TASK DIRECTIONS: When you repeat the material, keep each line exact and omit the pictures.

GIVEN DATA:
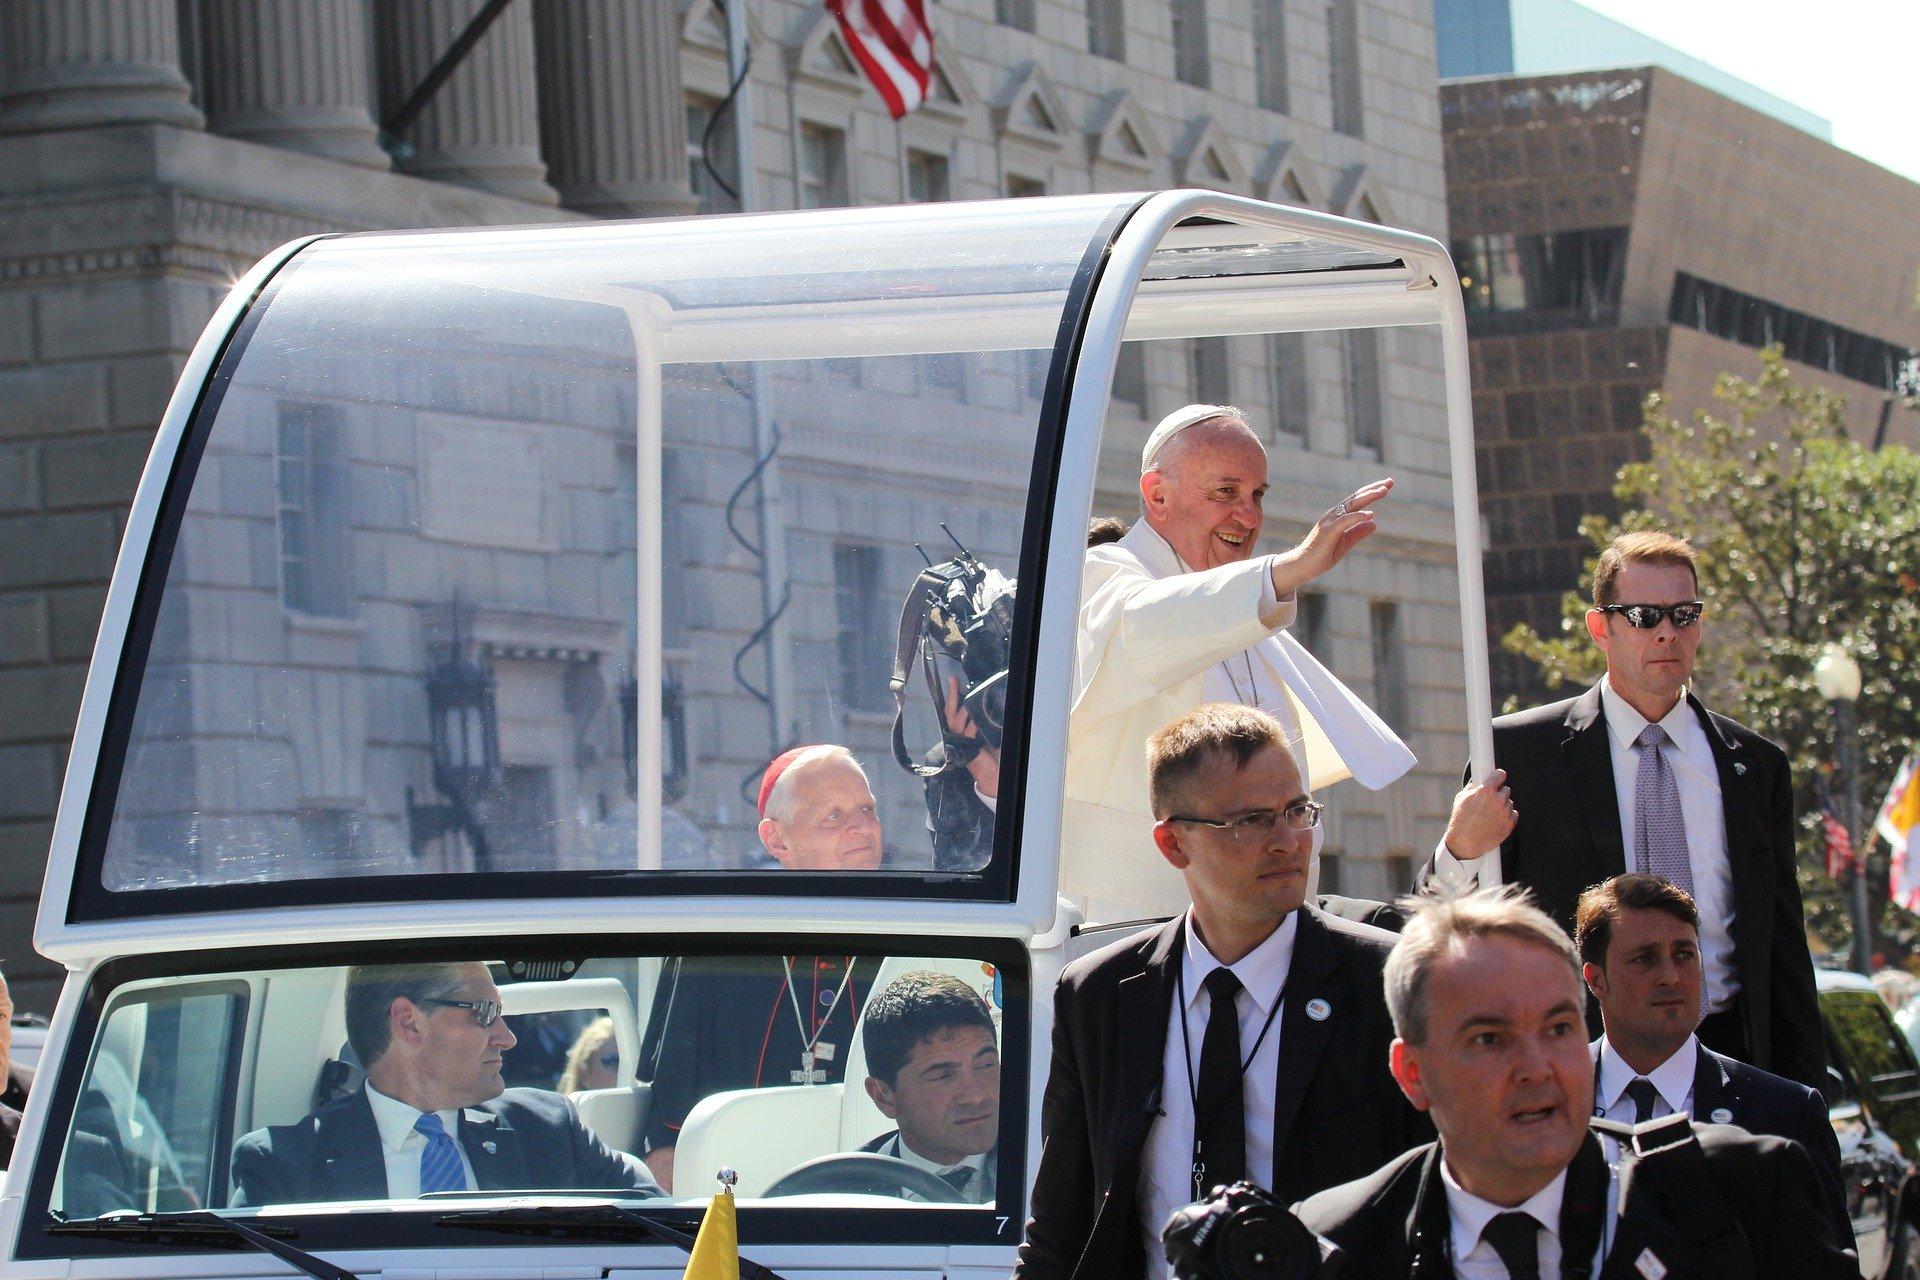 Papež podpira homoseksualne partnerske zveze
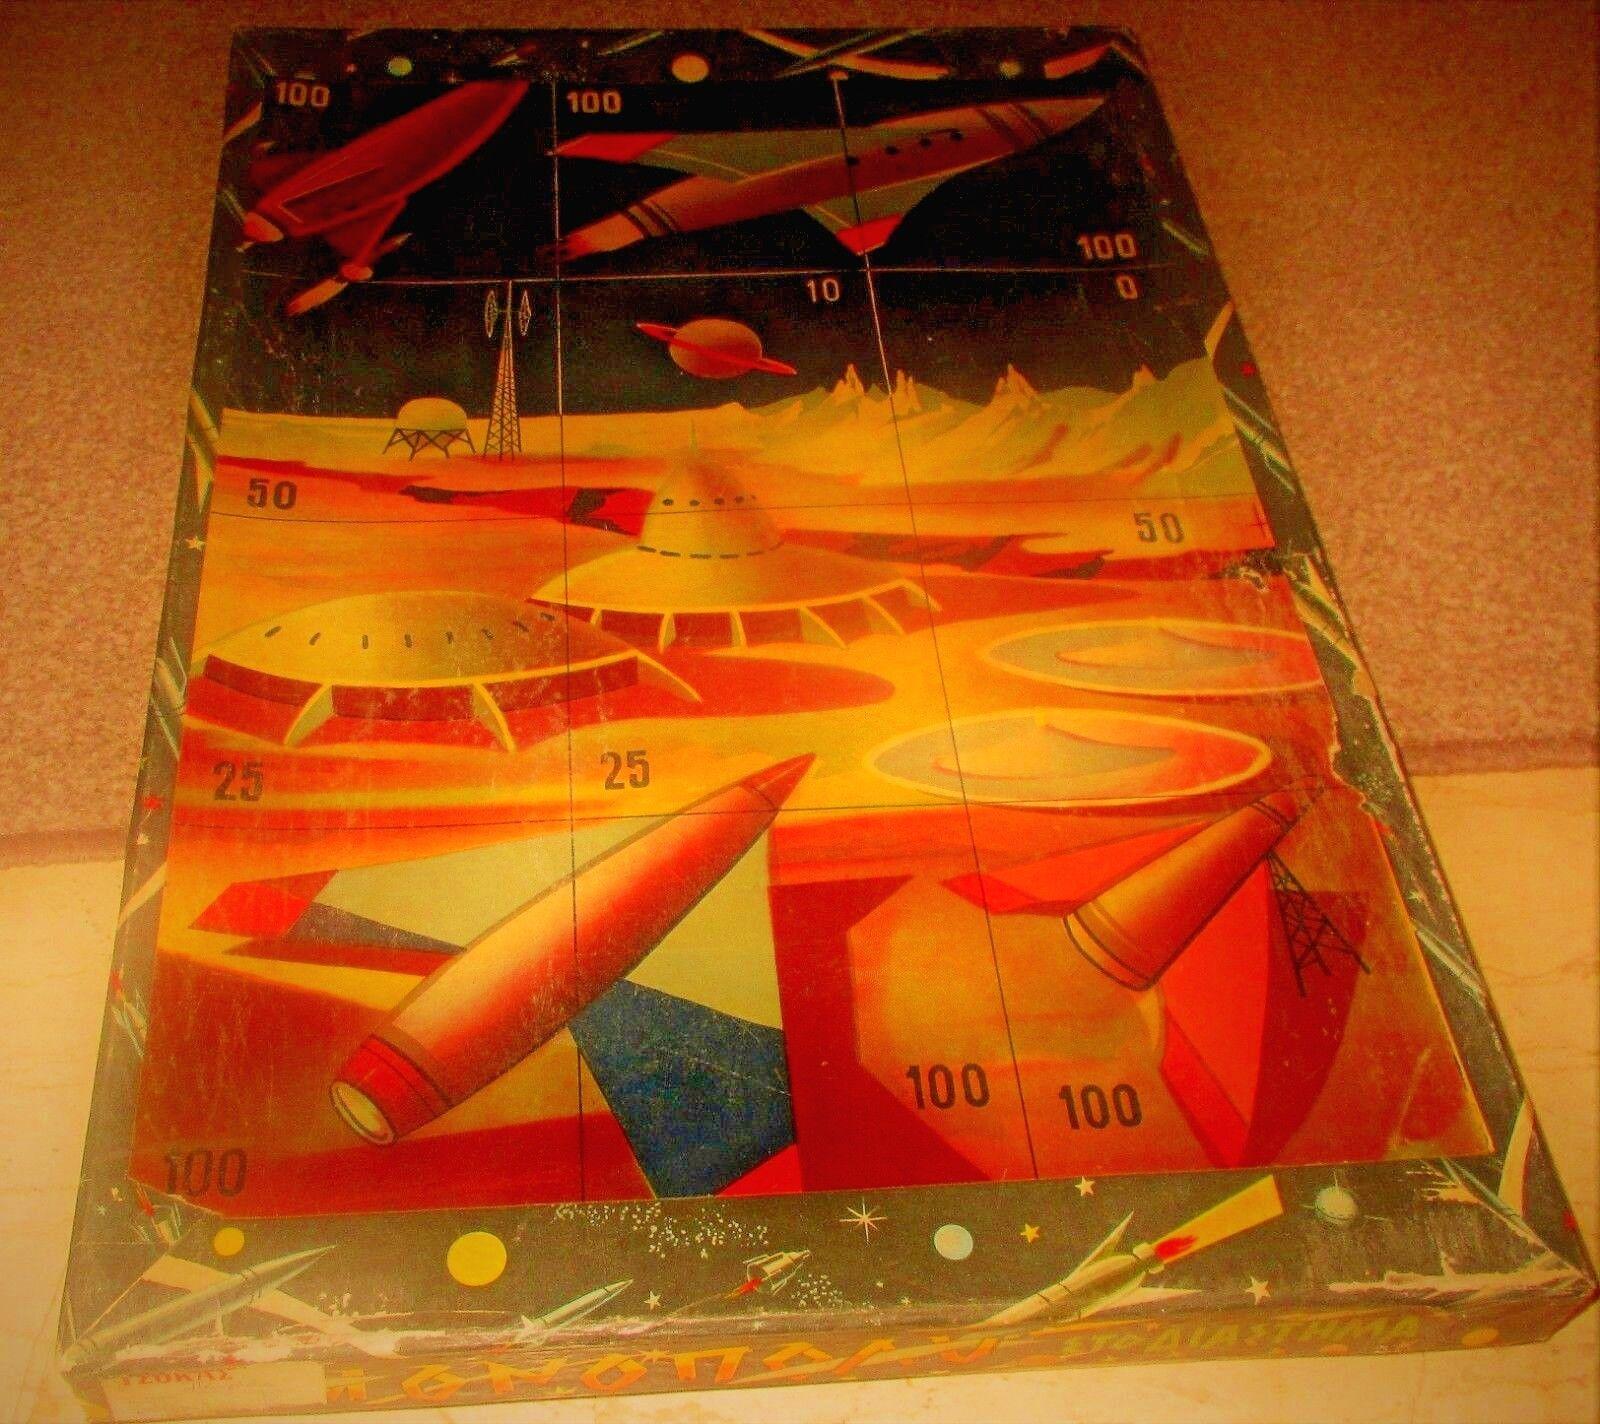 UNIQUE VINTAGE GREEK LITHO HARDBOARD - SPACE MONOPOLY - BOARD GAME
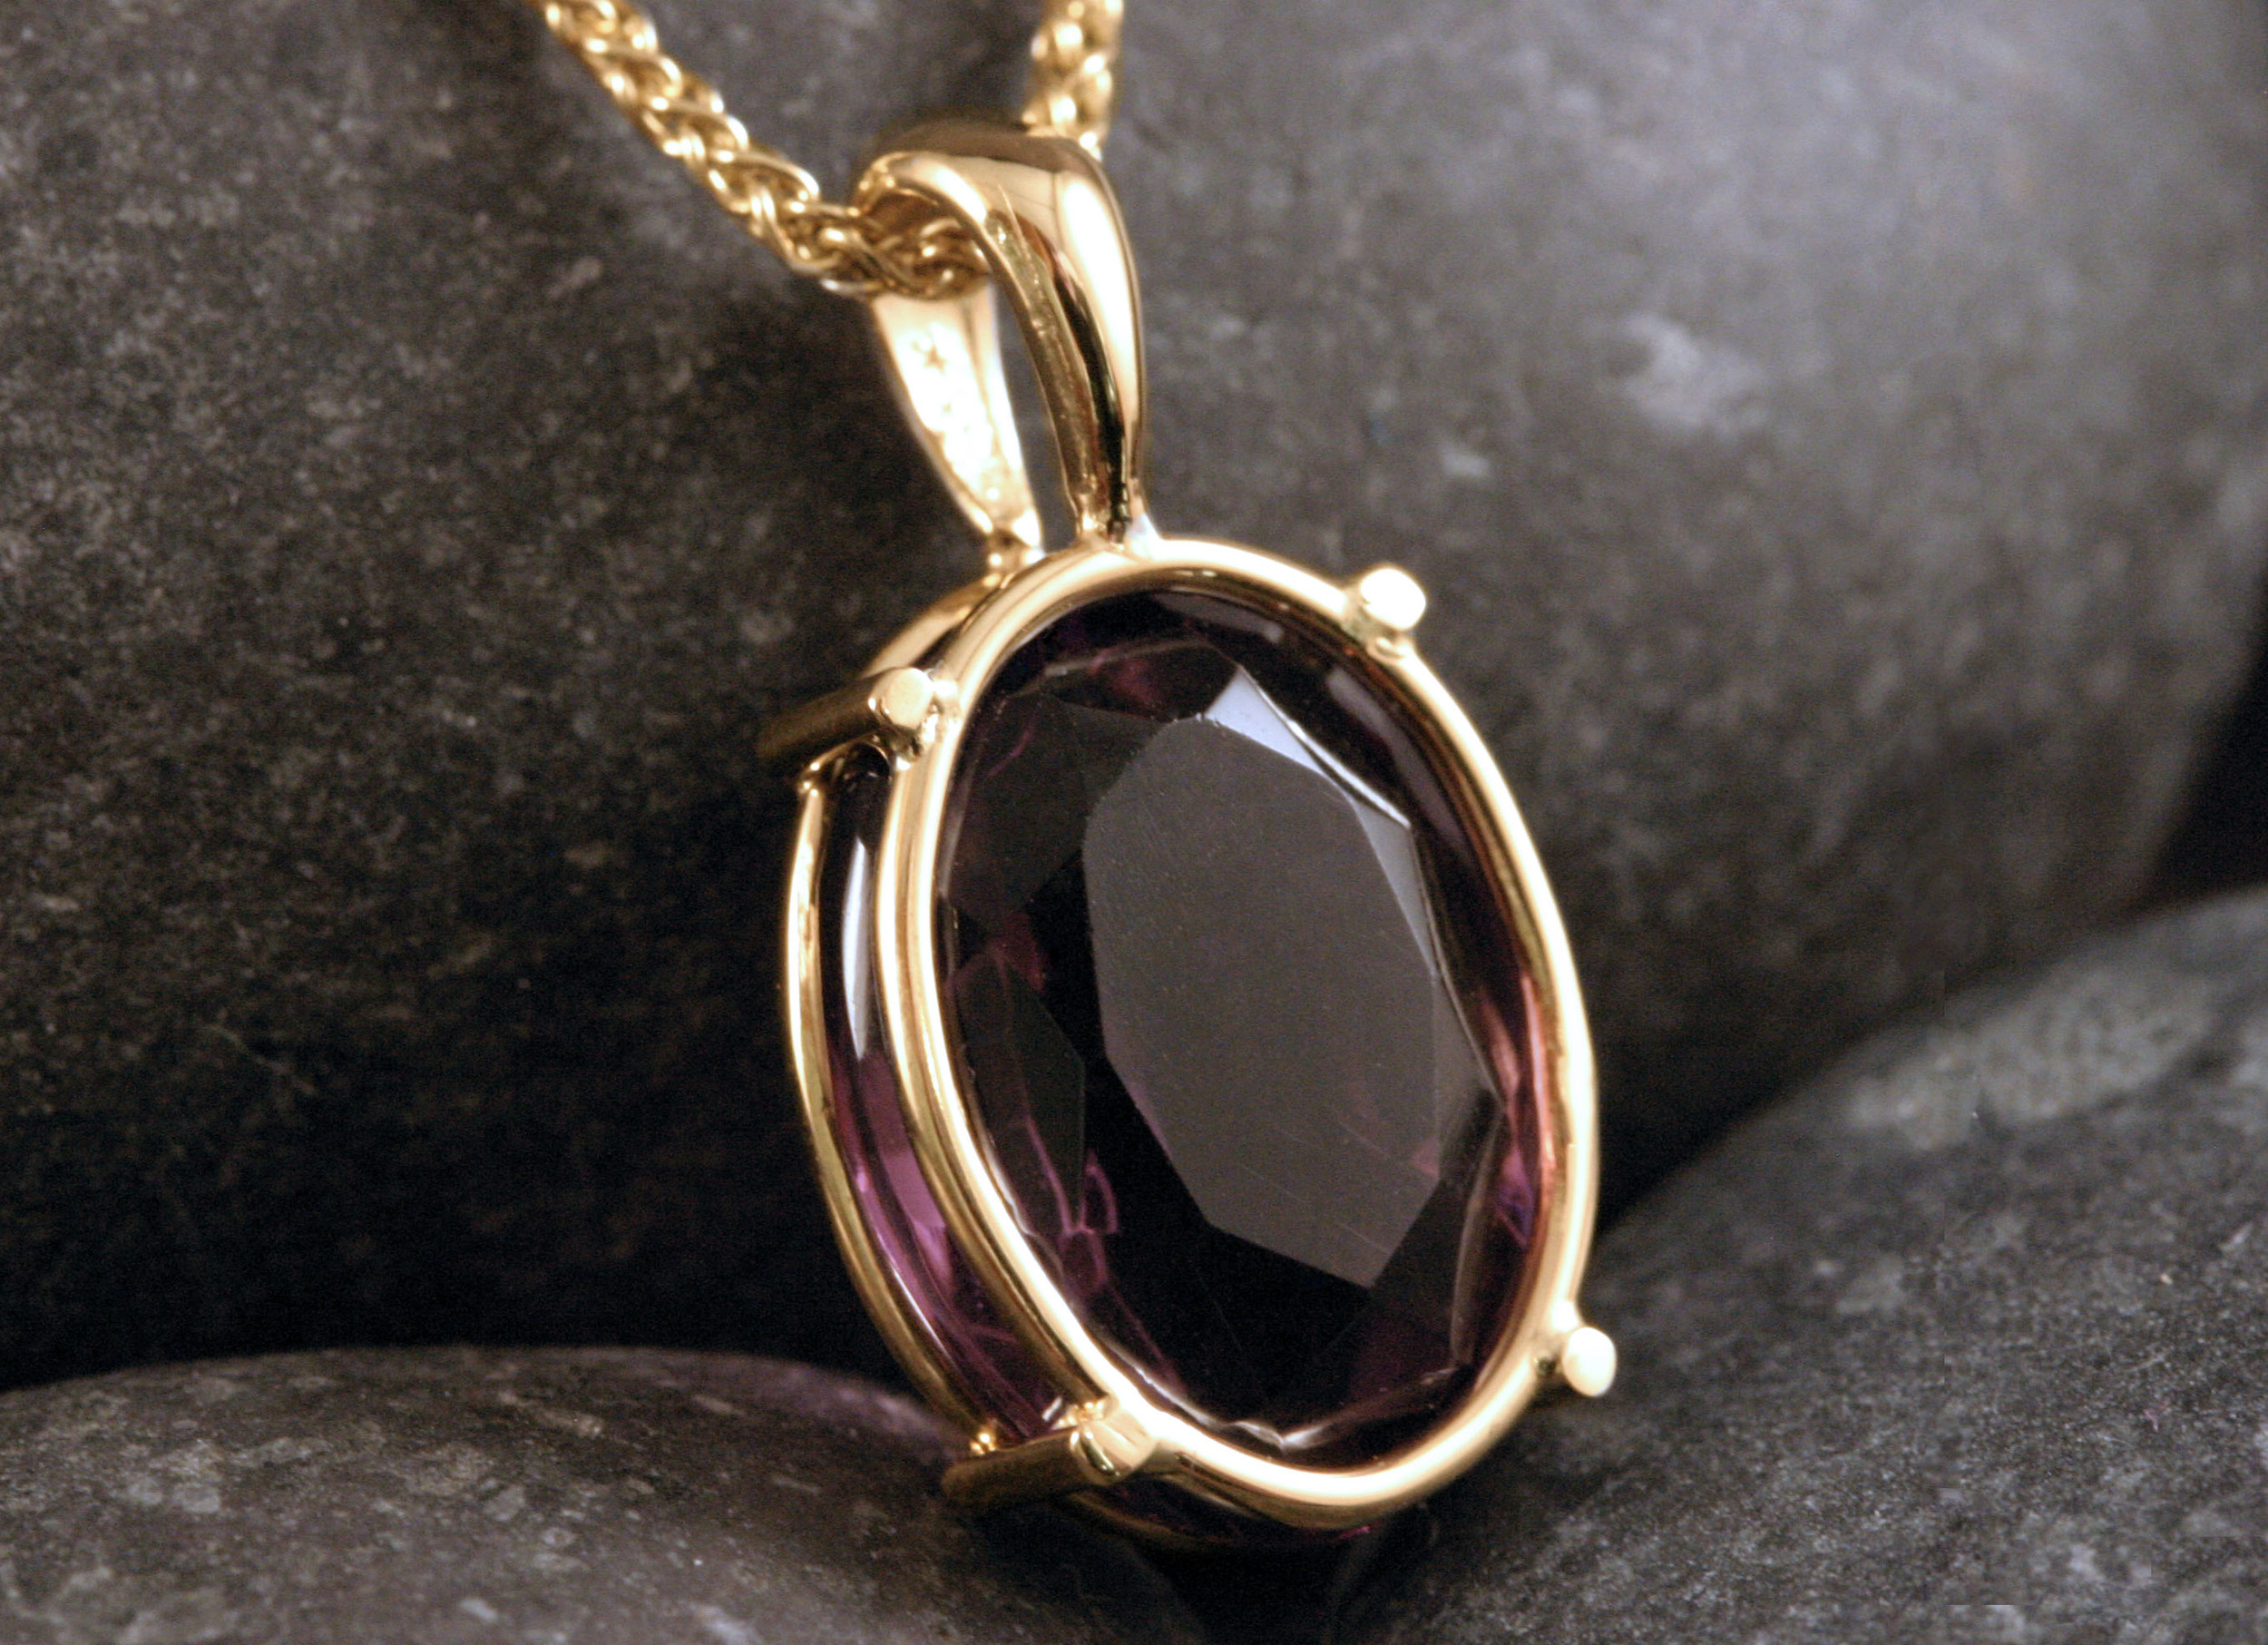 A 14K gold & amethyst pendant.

WRITTEN RESPONSE:
 Papež podpira homoseksualne partnerske zveze
 UNIQUE VINTAGE GREEK LITHO HARDBOARD - SPACE MONOPOLY - BOARD GAME
 A 14K gold & amethyst pendant.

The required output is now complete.